Revised: January 2019
By Sarah Owens and Michael Livingston
The principle of maximum feasible participation in our publicly-funded institutions is forever under threat, and the Rural Oregon Continuum of Care is no exception.
Maximum feasible participation is a bedrock principle of the Economic Opportunity Act of 1964, which created "community action agencies" around the country to fight poverty by empowering the poor, and later, to offer assistance to the homeless under the McKinney-Vento Homeless Assistance Act.
The reason maximum feasible participation is under attack is because it works. Or it did, while it was allowed to do so.

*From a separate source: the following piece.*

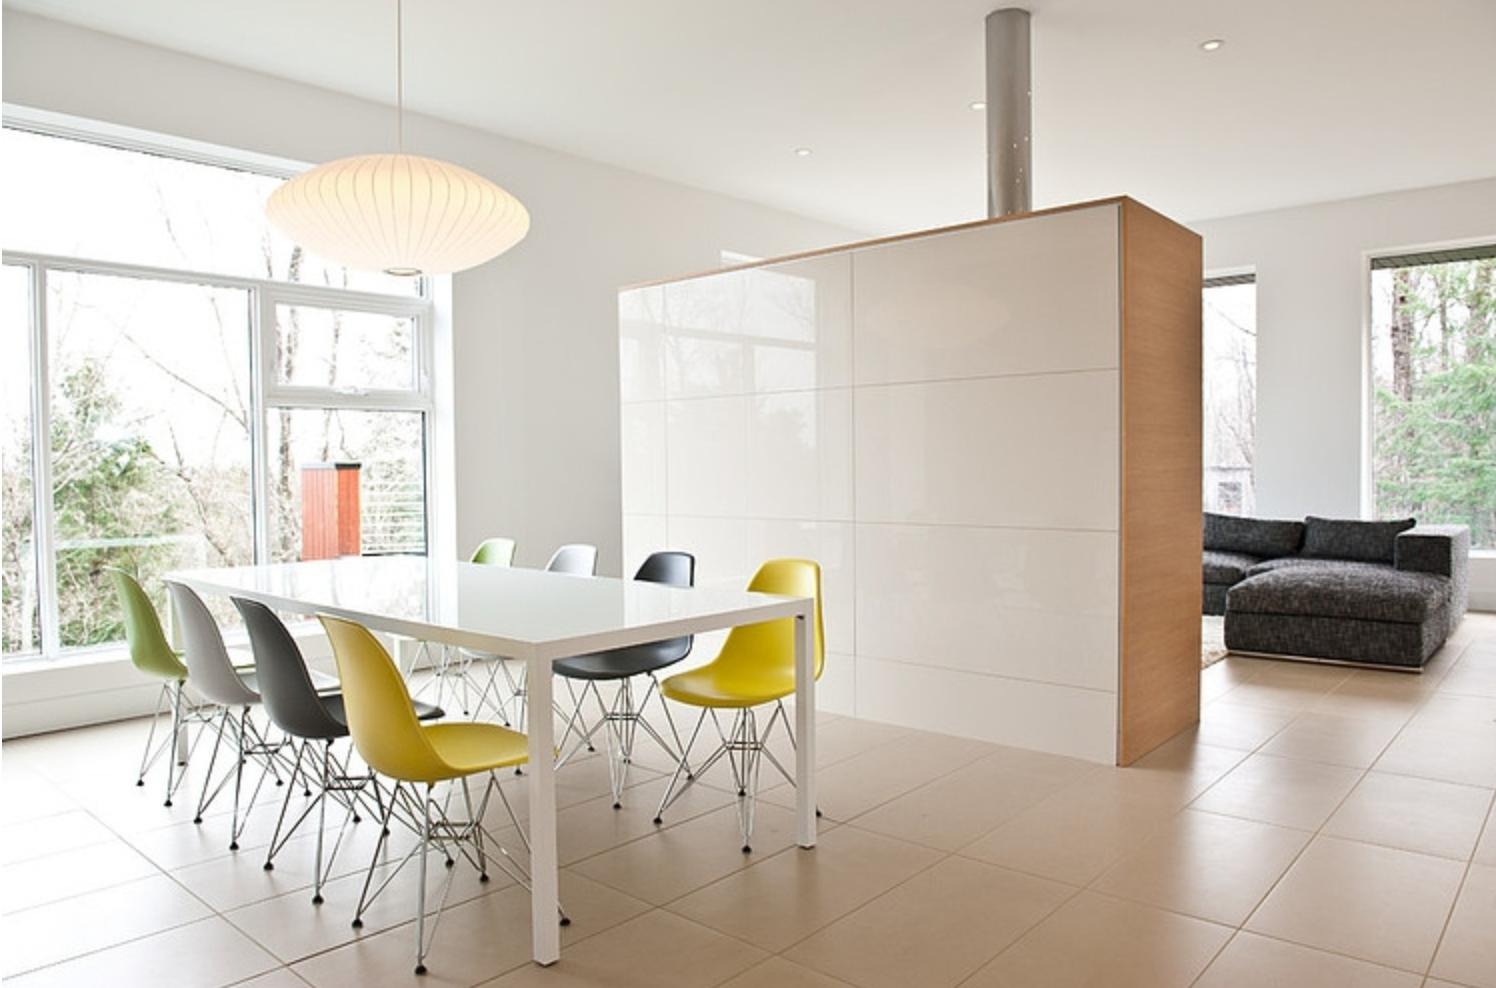 Scheidingswand eetkamer woonkamer vitra dining
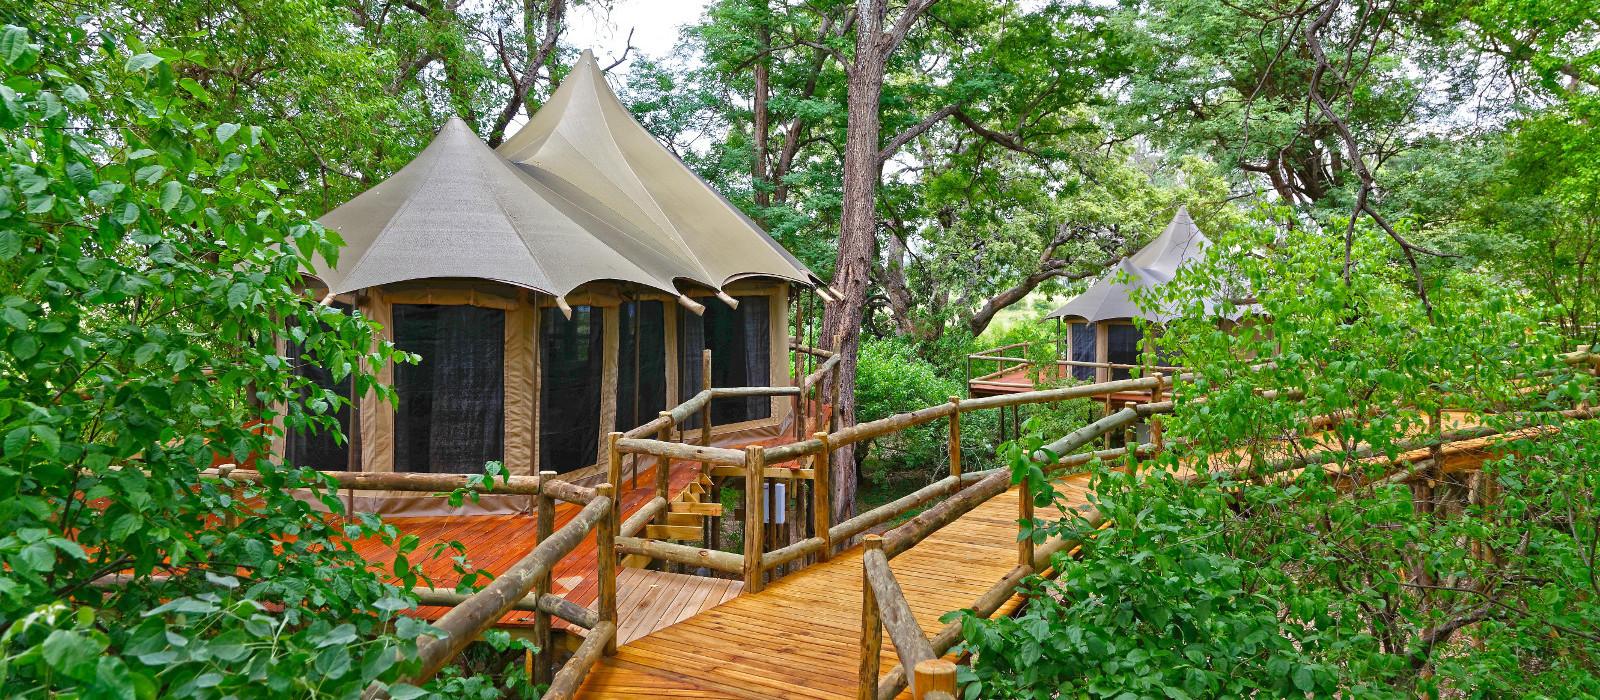 Hotel Nambwa Tented Lodge Namibia

Community Action, and its promise of maximum feasible participation of the poor, was about both recognizing the poor as able and perhaps better qualified to make judgments on their needs, as well as recognizing the participatory process itself as a powerful lesson in self-agency and self-respect. However, for many among the poor and among social activists, this recognition of individual capacity to make change translated into capacity to make demands of the state. This part did not jibe so well with many politicians, because to the poor, fighting poverty had to mean more than transformation of the individual into one that was fed, clothed, and educated—people wanted to transform the system. It meant ending discrimination, it meant more jobs and better pay, and it meant pushing local government to improve public services and infrastructure. It was perhaps a passionate desire that could not maintain federal support in a context where the urban poor also happened to be mostly black, and where therefore mobilization of the poor was colored by race and politics. This was how Community Action lost those initial explicit, legal foundations for a different kind of participatory promise, and was molded into a vehicle for service delivery.
For some comfortably well off (a designation that could include homeless housing and services providers with relatively stable funding), empowerment is groovy until people stop being helpless and needy and start wanting to participate in decision-making that affects their community. Even when participation means no more than attending meetings and observing (which, these days, is what "maximum feasible participation" has come to mean), some will perceive it as threatening. Thus, the right to attend meetings and observe has come under attack.
At the last meeting of the Rural Oregon Continuum of Care (aka, the Oregon Balance of State CoC), it was announced that the Board of Directors' "retreat" would be closed to non-board members -- meaning non-board members would not be allowed even to observe. Asked how the decision to close the meeting to non-board members, which appears to have been made not by the board, but by staff, squares with the principle of maximum feasible participation and Sections 1.3, 2.5, 2.7 and 7.2.1 of the ROCC bylaws (which establish a clear and strong policy of transparency, member participation and inclusiveness), staff told us, "the CoC is not a registered non-profit nor does it have any other 501(c)(3) designation. The CoC is entitled to conduct its meetings as necessary."
The ROCC Bylaws were substantially amended in June 2017. See here.
That, in legal circles, would be referred to as a non-responsive answer, because it doesn't address the question. It's also a non-sequitur, as it's irrelevant whether the CoC is "registered" or has a designation under the federal tax code -- it's still responsible to follow its bylaws. The answer is also a tautological, in that the decision can't be justified by claiming that the CoC is "entitled" (the claims are essentially the same).
In fact, the decision can't be justified, period.
There is no principled reason not to allow members -- and any other interested persons -- to attend a "retreat" with an agenda that looks like this (at left), and no one with any knowledge or experience in coalition building would dream of excluding from a meeting such as this members of the community who wanted to be included.
The ROCC board's apparent willingness to sacrifice basic principles, the abdication of its authority to staff, and staff's heavy-handed and arbitrary manner in handling this matter all reflect very badly on ROCC and will no doubt weigh in the decision whether or not Salem/Marion and Polk Counties should re-form a local CoC. Certainly, ROCC is giving the community little reason to want to stay.